Currently, the German PLS lexicon contains about 8000 entries. From my point of view, this lexicon is big enough to be used to generate a much bigger lexicon automatically. The goal could be to generate a lexicon that is ten times bigger. That would mean about 80.000 entries.
Let me give you an example:
Baustellen baʊ̯ʃtɛlən
Stellen ʃtɛlən
feststellen fɛstʃtɛlən
festzustellen fɛstsʊʃtɛlən
herstellen heːɐ̯ʃtɛlən
herzustellen heːɐ̯tsʊʃtɛlən
stellen ʃtɛlən
You can see that there are 7 entries which contain ʃtɛlən. We need more of them, e.g. bestellen, zustellen, aufstellen, einstellen, ausstellen, vorstellen. Why not generate them automatically?
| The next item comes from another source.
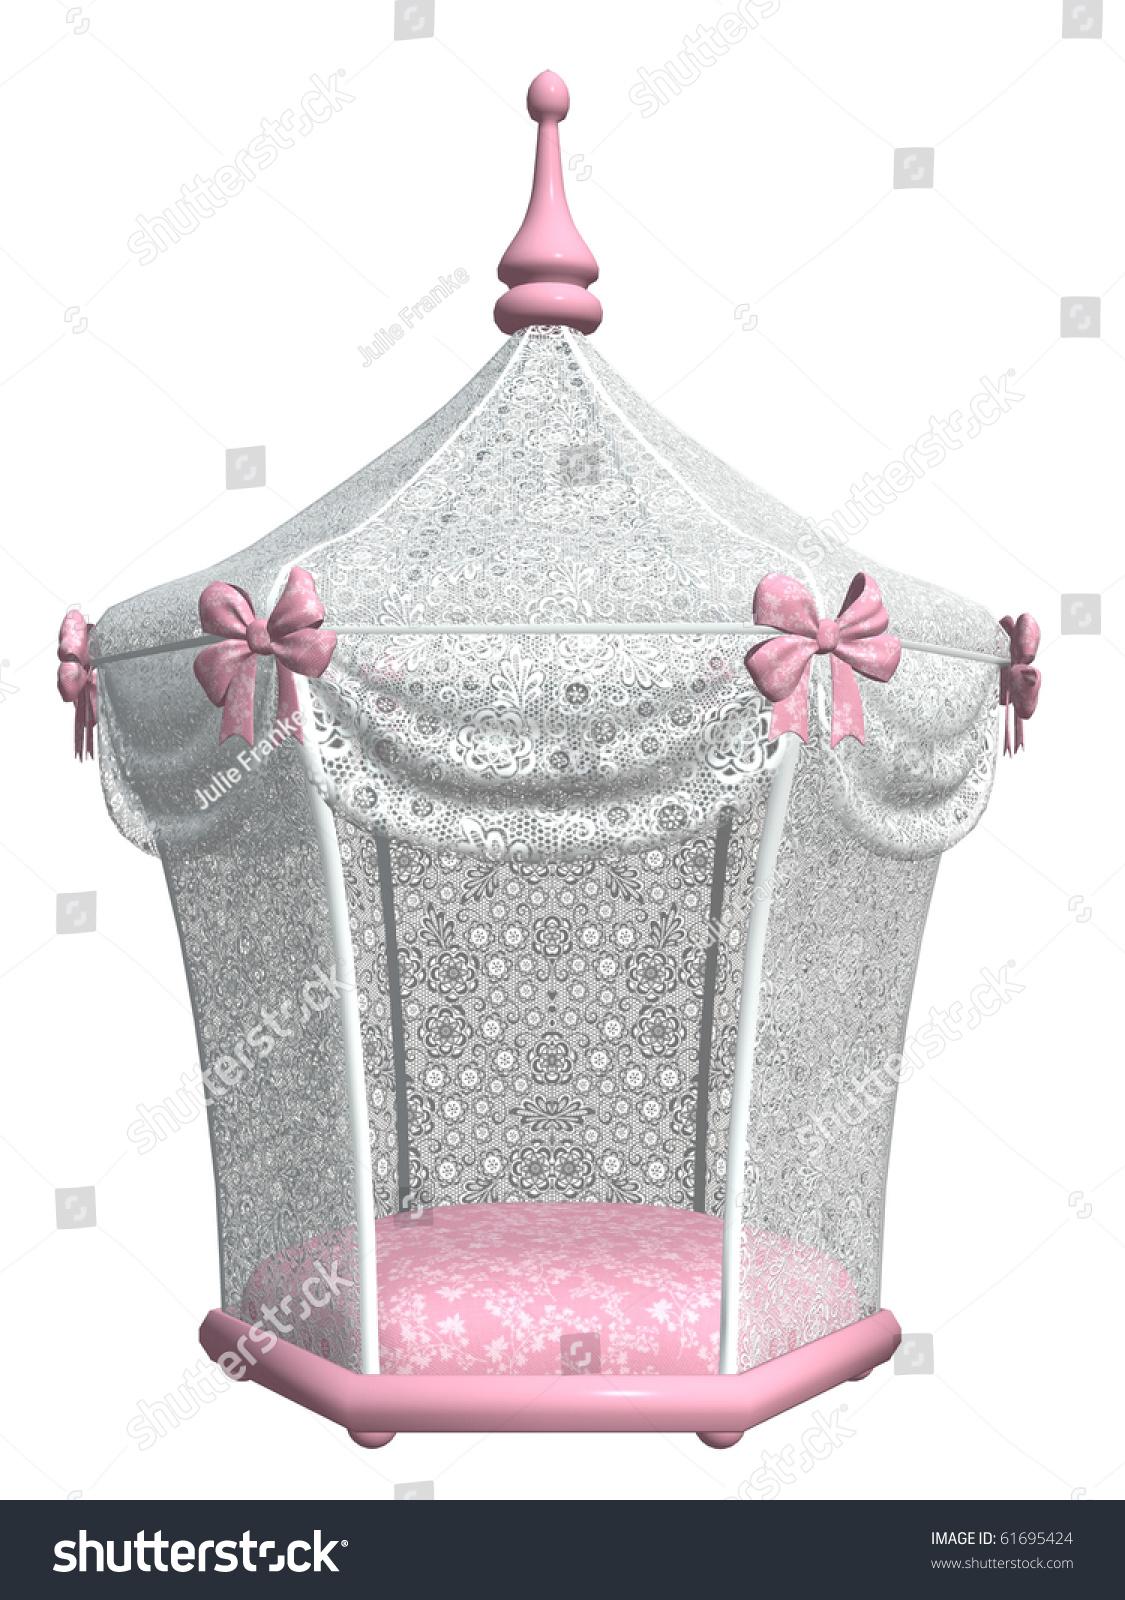 cute pink cat canopy bed  sc 1 st  Shutterstock & Cute Pink Cat Canopy Bed Stock Illustration 61695424 - Shutterstock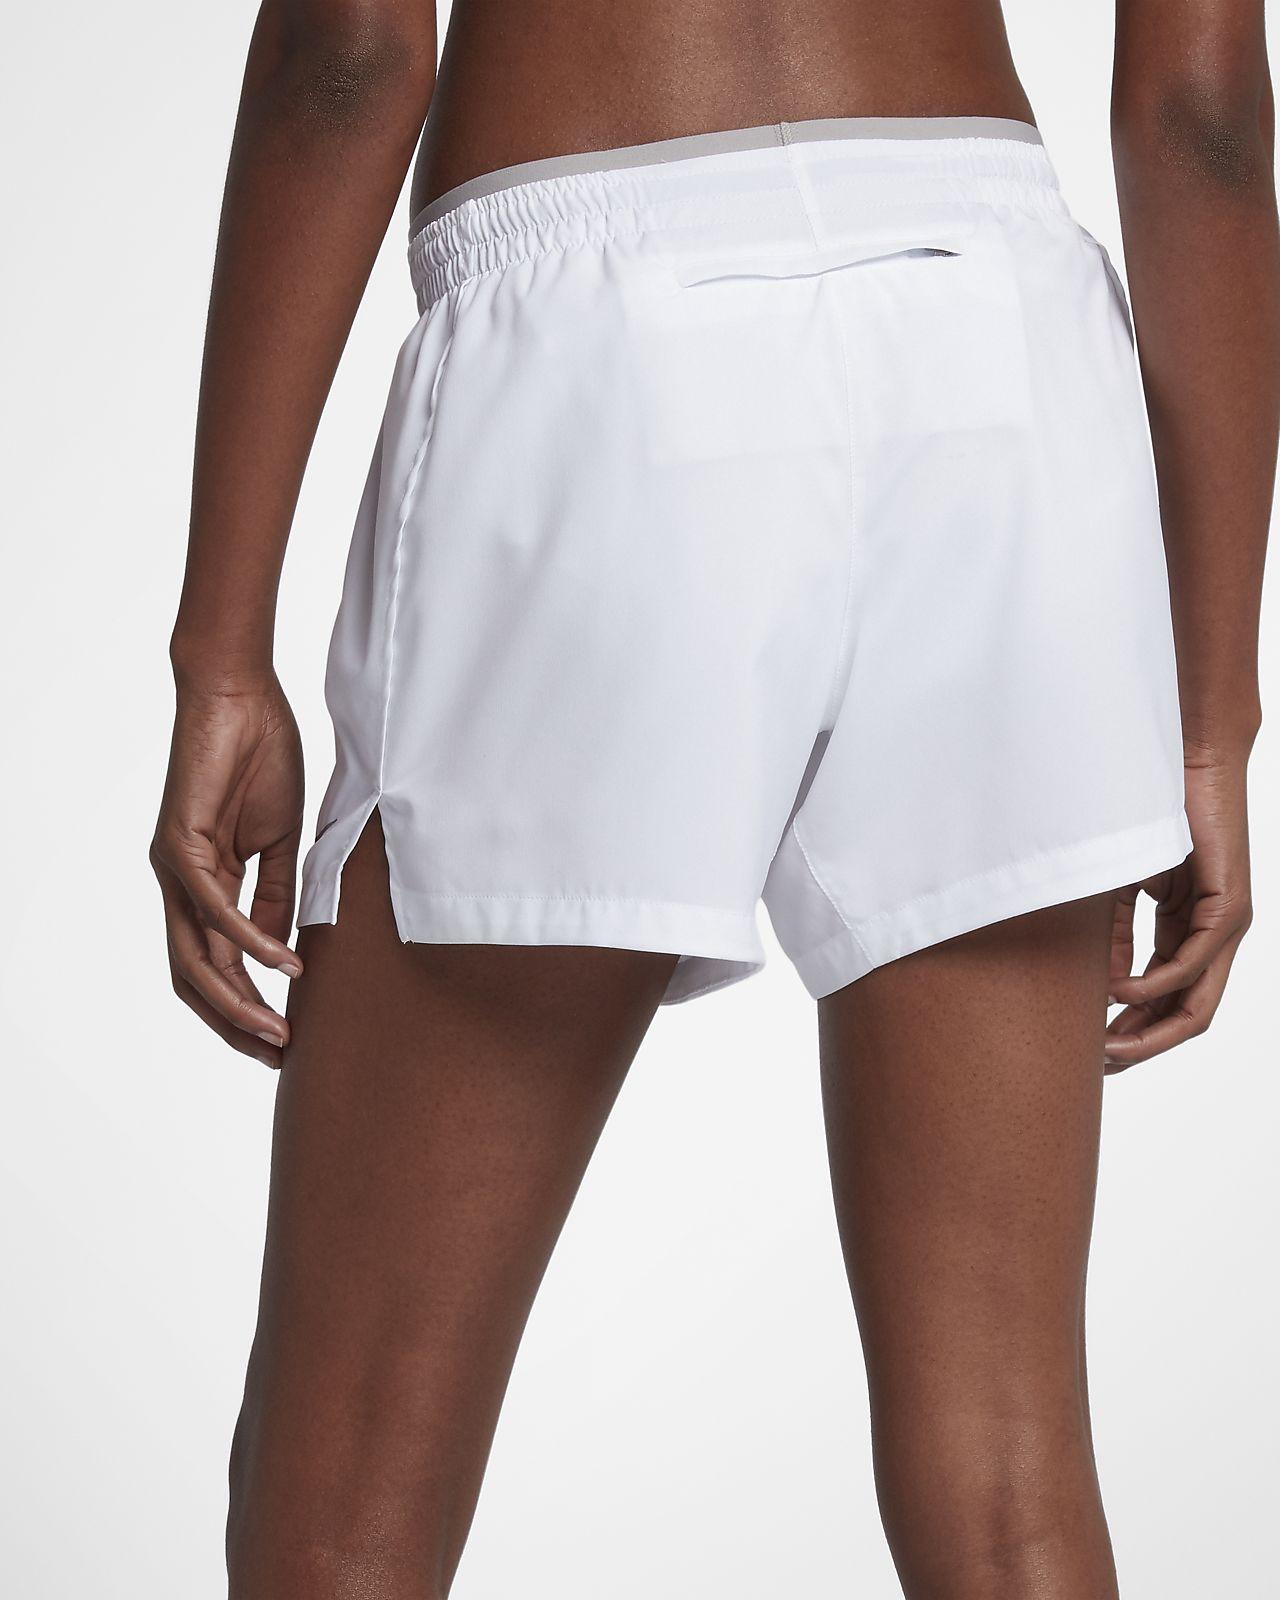 457a9757fc70 Nike Elevate Women s 5

The PLS dictionary is published under the GPL. That means that it would be allowed to expand it with Sequitur G2P. Well, you need to install Python (was already installed on my Ubuntu machine), NumPy, and Swig (I just installed this program with the command sudo apt-get install swig).
I just read that Sequitur G2P obviously is using the Expectation Maximazation (EM) Algorithmus (PDF, page 21). There is an entry in the Wikipedia about the expectation-maximization (EM) algorithm. I think that Sequitur G2P could be very helpful.
The words that are not contained in the PLS dictionary are something that could be described as HMM. So it should be possible to compute much more words. Maybe there is someone out there who would want to help?
I just downloaded numpy-1.3.0.tar.gz. But I don’t know how to install it.
By the way, Timo mentioned Sequitur G2P.